The Health Insurance Policy Deliberation Committee (HIPDC) makes decisions about the scale of insurance coverage expansion and the increase of insurance rates. The HIPDC is made up of representatives of medical providers, such as hospitals and pharmacies, and holder organizations, such as labor unions and public interest groups. The government used to make decisions on insurance policies. The present system was introduced in 2000.
During the past few years, the HIPDC was overwhelmed by strong voices from the provider organizations.
The holder organizations put pressure on the HIPDC to expand its insurance coverage, and the providers only wanted to raise insurance fees. Therefore, public interest groups had a hard time mediating between the two. Moreover, the HIPDC lost leverage over the holder organizations’ demand to increase insurance coverage when the health insurance agency turned a profit in 2003. The government should have put them in their place, but it failed to do so.
We desperately need a system that can mediate conflicts like this one and solve them rationally. Germany, which has a system very similar to ours, has a mediating facility. Korea also needs an objective mediating facility made up of specialists, such as economists and social figures, who have the people’s confidence.
We need to make clear the differences in the roles between the national health insurance and private insurance. Health insurance alone does not fully cover medical bills. If the agency did cover everything, the insurance premiums would have to be raised much higher.
Therefore, there is a need for a co-existent relationship between the national health insurance and private insurance, in which the private companies pay more of the medical bills.
Germany, the original state of social insurance, and the United Kingdom, which has a national medical insurance system, both expanded their health insurance coverage by getting private insurance companies to share the burden.
In the case of the Netherlands, the government makes decisions on the premiums and the extent of medical insurance coverage, but the public health insurance associations are all private insurance companies competing against each other.
Korea is also planning to introduce private medical insurance, which would cover the full amount of every medical bill. However, the government will restrict their coverage. They can only cover what is not handled by national health insurance and cannot cover personal co-payment. With such restrictions, it will be difficult for private medical companies to enter the market.

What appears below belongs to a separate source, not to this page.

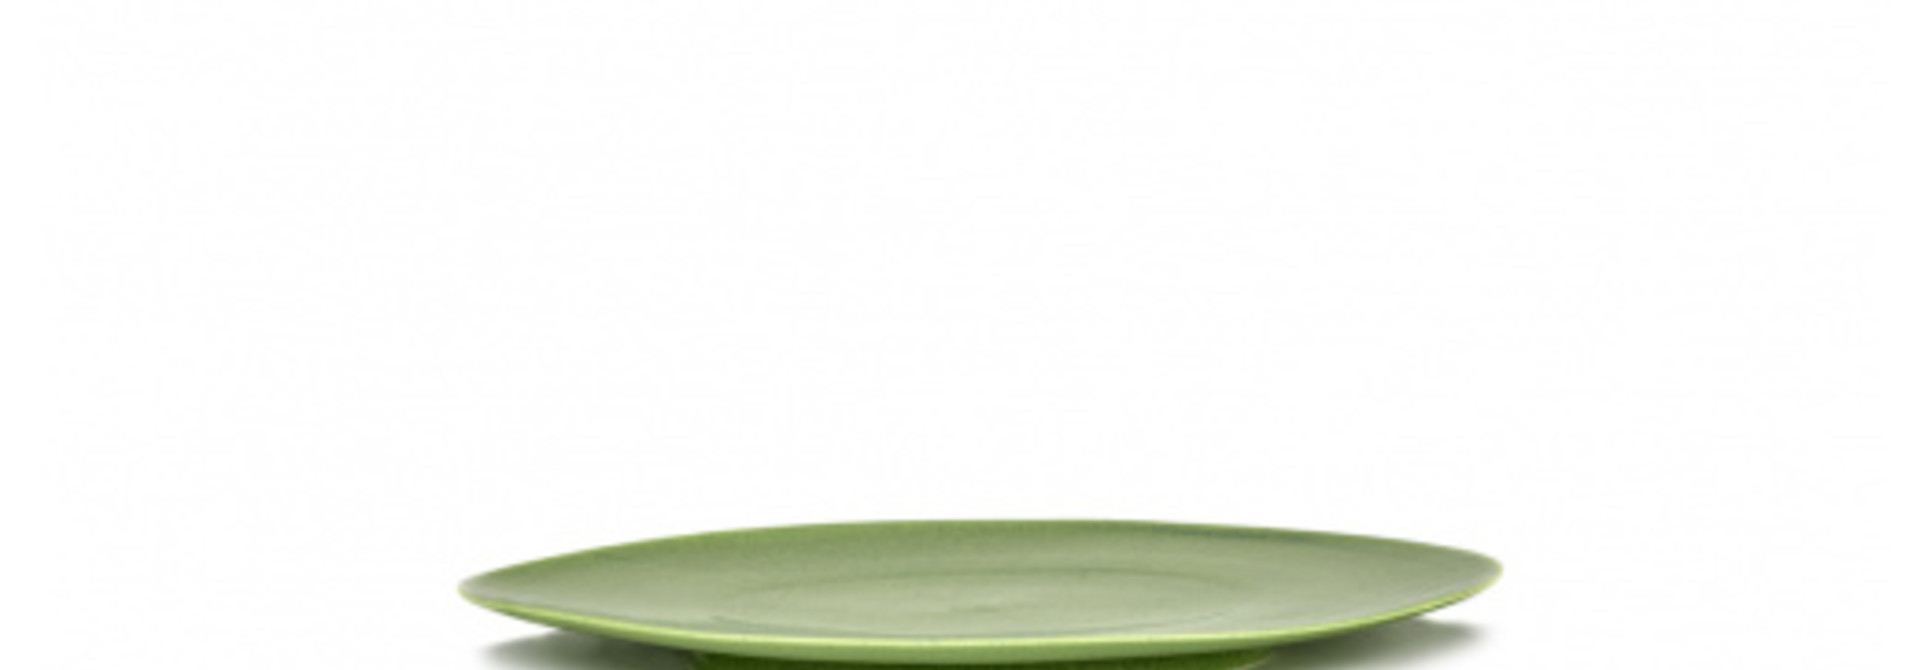 Plate - Green - Medium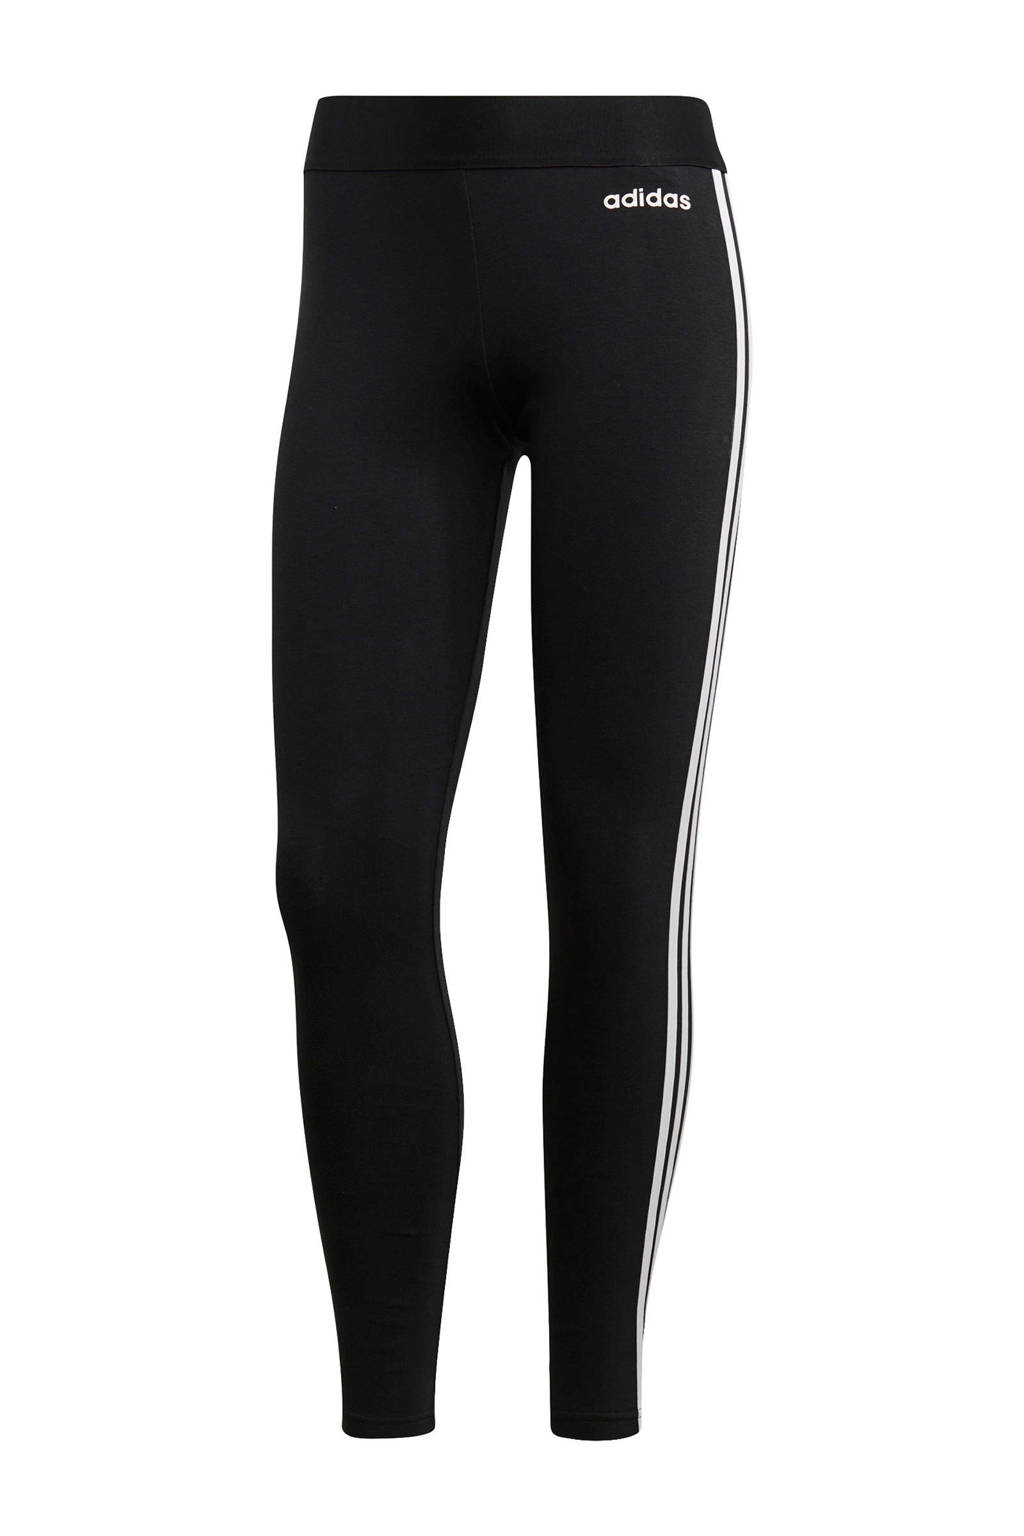 adidas Performance 7/8 sportbroek zwart, Zwart

A legal personal co-payment is the part of the medical bill that is supposed to be paid by the patient. For example, you pay 3,000 won ($3.12) at a local hospital for a visit. This is a legal personal co-payment.
The government claims that if private medical insurance covers even the legal personal co-payment, insurance holders would go to hospitals too frequently, causing medical expenses to increase sharply.
However, there is no academic evidence to support such a claim. France is often quoted as an example, but as its system is different from ours, it is hard to directly compare the two.
It would actually be more realistic to let private insurance cover the legal personal co-payment and certain portions of medical bills which are not covered by health insurance.
It is not easy to solve financial crises in health insurance by raising insurance premiums or the price of cigarettes. It is difficult to ask people to take the burden of paying more than the inflation rate, considering the present commercial depression.
In this regard, clinging to the goal of increasing the coverage rate of health insurance to 70 percent by 2008 can lead to a complete collapse of the balance between income and expenditures. Now is the time to look for a new social agreement and a system that can prevent possible waste in medical expenditures.

* The writer is a researcher at the Medical Policy Laboratory of the School of Medicine, Seoul National University. Translation by the JoongAng Daily staff.